Furthermore, since the separation net 13 is installed in a spirally wound state, the area in which the refrigerant / oil mixture gas contacts the separation net 13 is increased, thereby increasing the oil separation force.

The oil thus aggregated is scattered while forming oil droplets or falls downward into the oil separation chamber 8 by gravity. At this time, the scattered oil droplets are attached to the wall or baffle 11 of the oil separation chamber 8 and they are collected under the oil separation chamber 8 while moving downward by gravity.

Some of the oil droplets are flowed according to the flow of the mixed gas, but by the baffle 11 formed in the center of the oil separation chamber 8 is separated by the strong centrifugal force generated at this time to fall.

Because of the reduced cross sectional area, the flow area of the Ｕton where the mixed gas flows has a relatively high flow velocity, resulting in strong centrifugal force. When the mixed gas enters the oil separation chamber 8 through the inlet pipe 14, the space becomes wider, so that the oil flows in a mist by the separation network 13 as the flow velocity decreases, and the oil separation chamber At the bottom of (8), the flow rate increases and the centrifugal force is maximized.

Therefore, the oil droplets are separated from the path of the mixed gas by centrifugal force and fall downward, and at the same time, the air coolant flows toward the outlet pipe 15 of the oil separation chamber 8.

That is, in the present invention, in the oil separation from the mixed gas, the oil particles aggregated in the form of droplets by the separation network 13 are first scattered by the flow when the oil separation chamber 8 is introduced and the baffle 11 is secondary. It is separated from the mixed gas by the centrifugal force at the nominal force and the gravity of the oil droplets.

Centrifugal force and gravity are both proportional to the mass, so the mass of oil droplets in the refrigerant / oil mixture gas is higher than that of the high-temperature / high pressure refrigerant gas. In addition, the direction in which the centrifugal lift and gravity acts coincide with the direction toward the bottom of the oil separation chamber 8 to maximize oil separation performance.
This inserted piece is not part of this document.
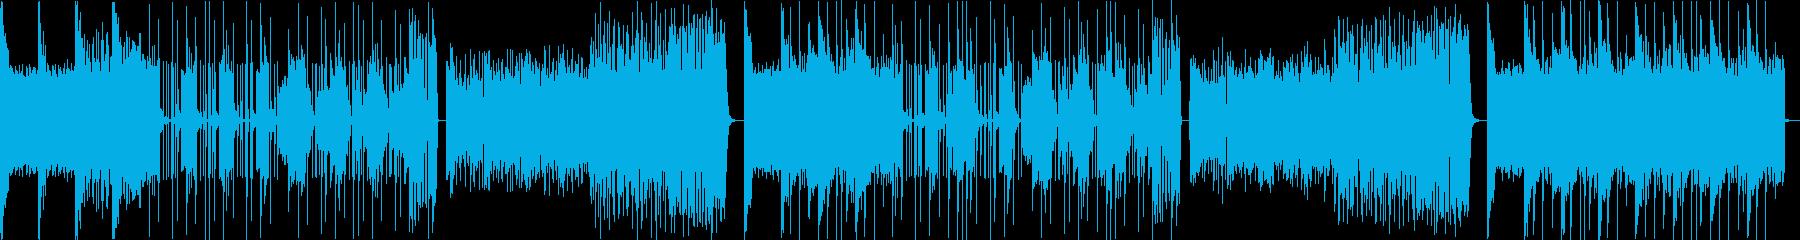 Kpop・ダークエキサイティングトラップの再生済みの波形

According to the above principle, the oil separated from the refrigerant / oil mixture gas is collected in the lower portion of the oil separation chamber 8 and then flows to the suction side of the compressor 1 through the oil outlet 10a. At this time, the oil collected in the bottom surface of the oil separation chamber 8 contains impurities generated during the operation of the air conditioner, that is, fine particles generated by mechanical friction and corrosion of the refrigerant line as the driving shaft of the compressor 1 rotates, circulating together with the refrigerant. The present invention is introduced into the oil, but the present invention is filtered by the finely woven filter 12 fastened to the end of the oil outlet 10a so that impurities are not introduced into the compressor 1.
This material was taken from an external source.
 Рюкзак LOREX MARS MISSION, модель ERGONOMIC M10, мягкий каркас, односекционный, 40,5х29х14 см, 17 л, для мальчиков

Thereafter, the oil is continuously mixed with the refrigerant introduced by circulating the refrigerant circuit and reduced to the suction side of the compressor 1.
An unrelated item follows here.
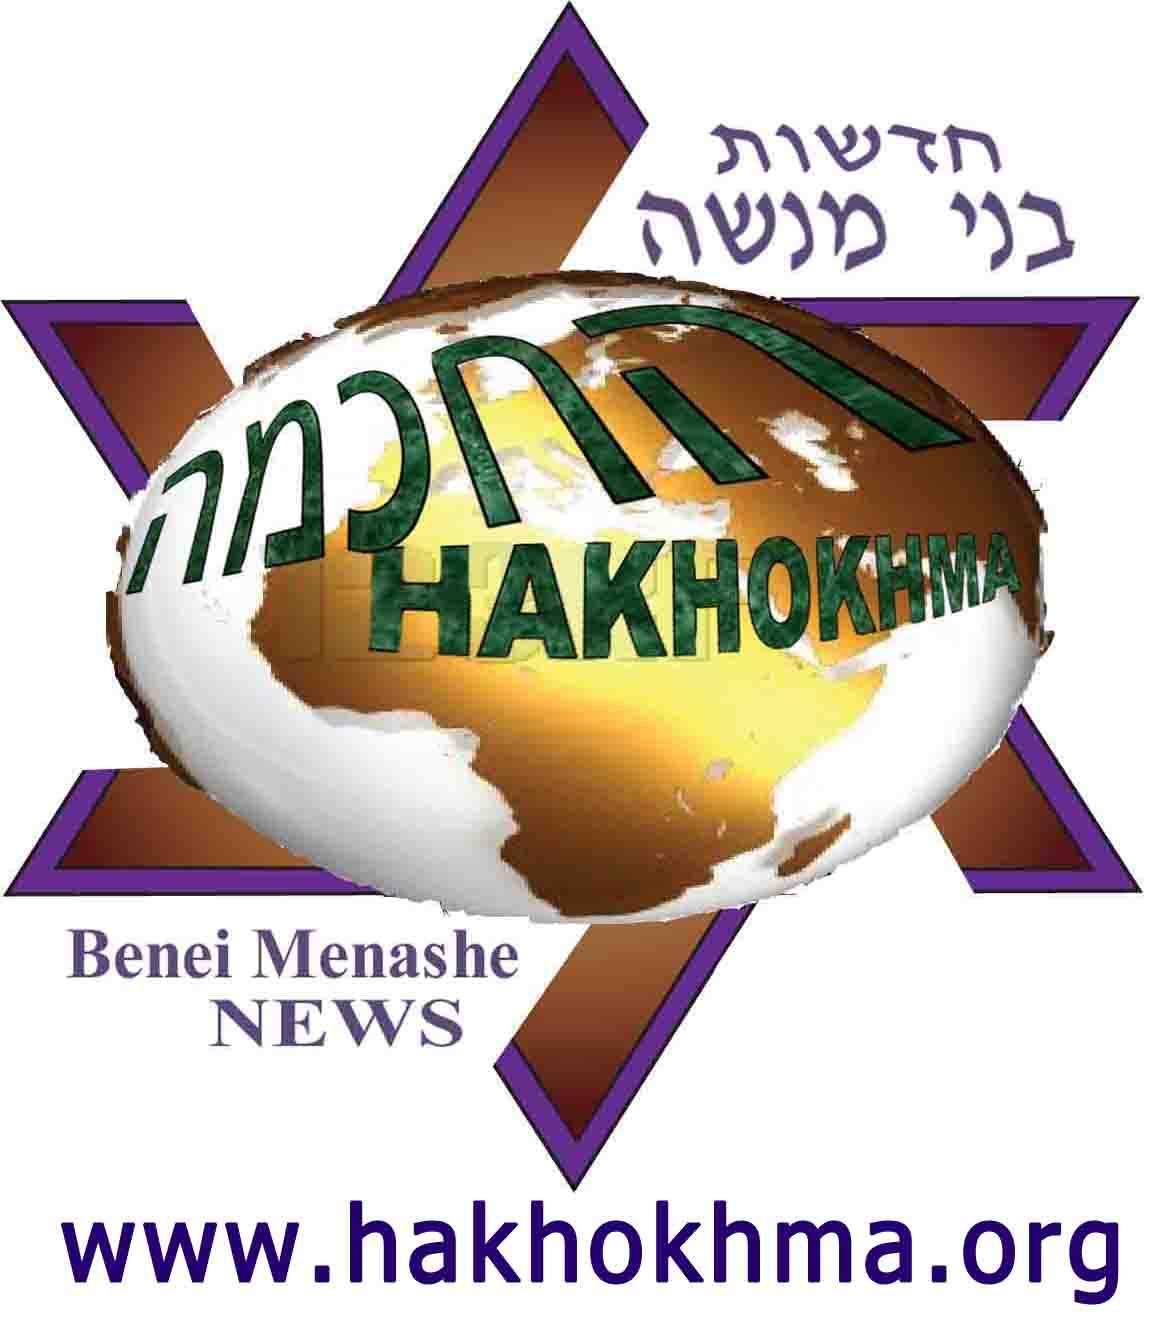 HAKHOKHMA Sign

As described above, the present invention can manufacture an oil separator having a relatively simple structure, and can further improve oil separation performance by installing the separation network in a spiral shape.

Claims (1)

A main body having a tubular oil separation chamber having upper and lower openings and upper and lower circumferential surfaces facing the inlet and outlet holes; An upper cap for sealing an upper opening of the main body; A lower cap sealing the lower opening of the main body and having an oil outlet through the thickness in the center thereof; A predetermined length protrudes downward from the center of the bottom surface of the upper cap to the inside of the oil separation chamber, and both sides of the width direction are in contact with the inner circumferential surface of the oil separation chamber so that the refrigerant and oil mixed gas introduced through the inlet hole have a U-shaped flow path. baffler; And And a separation net that is spirally wound between the inlet hole and the baffle formed in the oil separation chamber to separate the oil from the refrigerant and the oil mixture gas.